Fast Filtering of Load Balanced or Proxied Connections
A common problem exists when investigating network issues through packet analysis. Web scale architecture provides ways to distribute workloads, and those mechanisms tend to abstract away silly things like the 5-tuple frequently used to identify individual conversations. Both proxies and load balancers can obscure a client’s IP address and source TCP port, and that makes it difficult to isolate a specific conversation across multiple networking devices.
The goal of this post is to describe an automated way to see if traffic is making it past the proxy, which can be extended to isolate the 5-tuple for the part of the conversation behind the proxy (source IP, source port, destination IP, destination port, TCP/UDP).
Architecture for this Scenario
To demonstrate how this can happen, a simple sample architecture can be used that shows a basic load balanced website.
This assumes a few configuration options:
- The client connects via HTTPS to the load balancer.
- The load balancer performs SSL offload and the traffic within the data center is unencrypted.
- The load balancer replaces the client's IP address with it's own Virtual IP Address (VIP).
These conditions typically mean that the load balancer will pass along a client's IP address within an X-Forwarded-For field within the HTTP header.
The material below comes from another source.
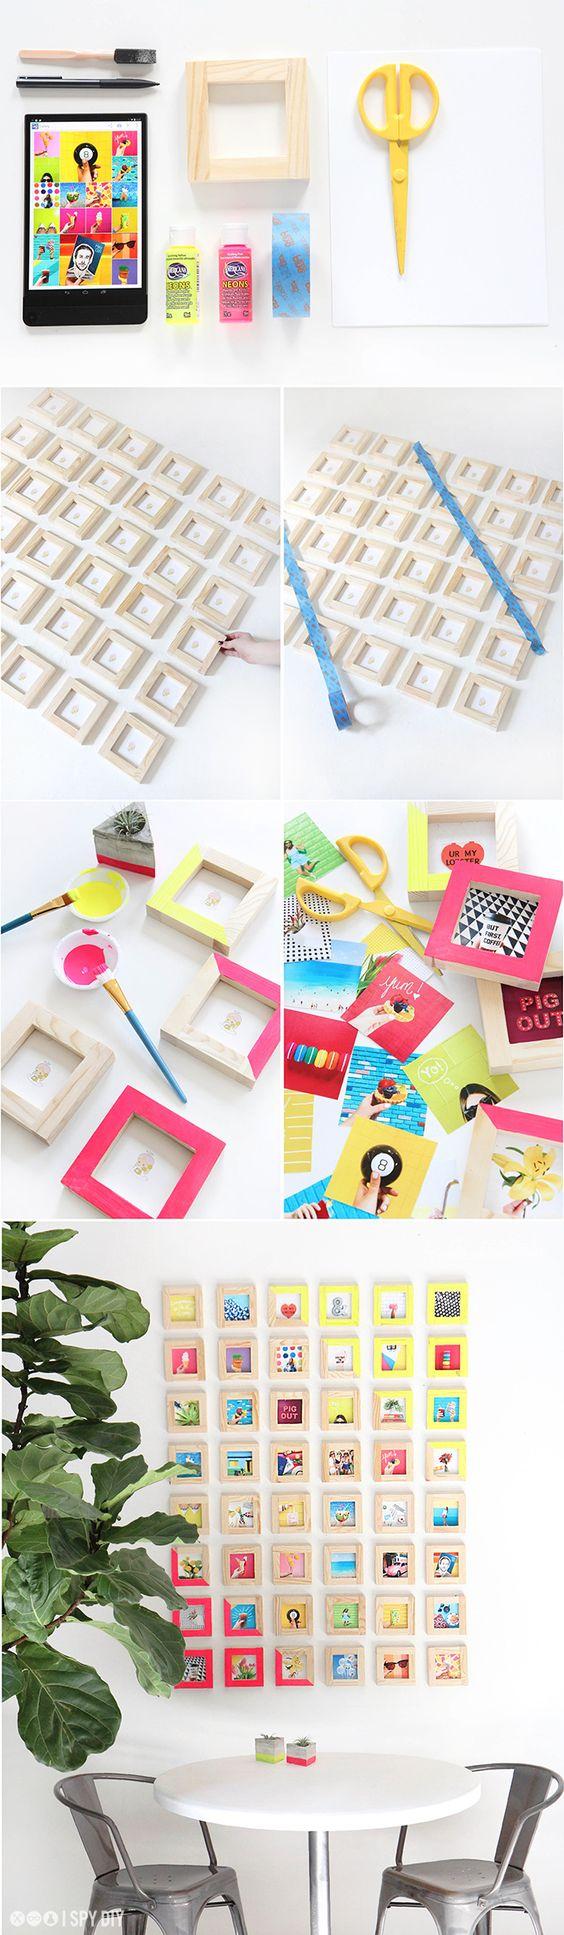 Ideas para colocar fotos - marcos de madera

This means that if we have firewall or load balancer logs that show incoming connections, or we have customers calling in who can give us their IP address, it is possible to isolate their traffic behind the load balancer.
Significance of a Novel Technique
If we can go through and find the traffic, why am I even writing this post?
Most packet analysis tools (including Wireshark, Endace, and some of the various Riverbed tools), are really good at quickly filtering through protocol headers because they’re optimized for parsing that binary data. They are less efficient at filtering through an ASCII-formatted HTTP header. Even Scapy, which is a Python library made for messing with packets, isn’t well optimized for looking through packet payloads.
Proposed Technique
For this task, it turns out that simplicity is key. To begin, we need a known client IP address and a broad packet capture behind the load balancer or proxy (it is really easy for a 5-10 minute packet capture to reach 100+ GB in an enterprise environment).
Step 1: Confirm the traffic exists
It doesn’t help to expend time and compute power searching through the details of a massive packet capture file if we don’t know the traffic under investigation even exists. I’ve found that the fastest way to do so is to ignore all the protocol headers. It takes time to process binary, especially if Scapy is doing it, so we can save a lot of time by reading in the PCAP as a regular text file.
To save on system memory (because I don’t have 100GB of RAM in my computer), we read line-by-line.
with open(pcap_fn, mode="rb") as pcap:
print "PCAP Loaded"
for line in pcap:
iterate_basic_ip_check(line,target_ip)
In the HTTP header, the different fields are delimited by a newline character, so the X-Forwarded-For field we’re looking for appears in it’s own line using this technique, which allows us to match an ip address with some really simple regex.
def iterate_basic_ip_check(line, target):
match = re.match('X-Forwarded-For: (\d{1,3}.\d{1,3}.\d{1,3}.\d{1,3})',line)
if match:
if match.group(1) == target:
print "Target IP %s found" % target
All put together, this script (available on Github) runs blazingly fast. I estimated 200+ MB/sec on my machine, and it’s possible to parallelize this workload to take advantage of multiple cores.
Step 2: Isolate the 5-tuple
Once we know the correct traffic exists, we can re-iterate using Scapy to identify the 5-tuple, or potentially multiple 5-tuples, used. This is left as an exercise for the reader (you can thank my engineering textbooks for teaching me this wonderful and horribly frustrating phrase).
Conclusion
If you find yourself in the position where an expected IP address is disappearing behind a proxy or load balancer, it is possible to process a fairly large amount of data to isolate the conversation in the next segment of the network as long as the HTTP header is exposed.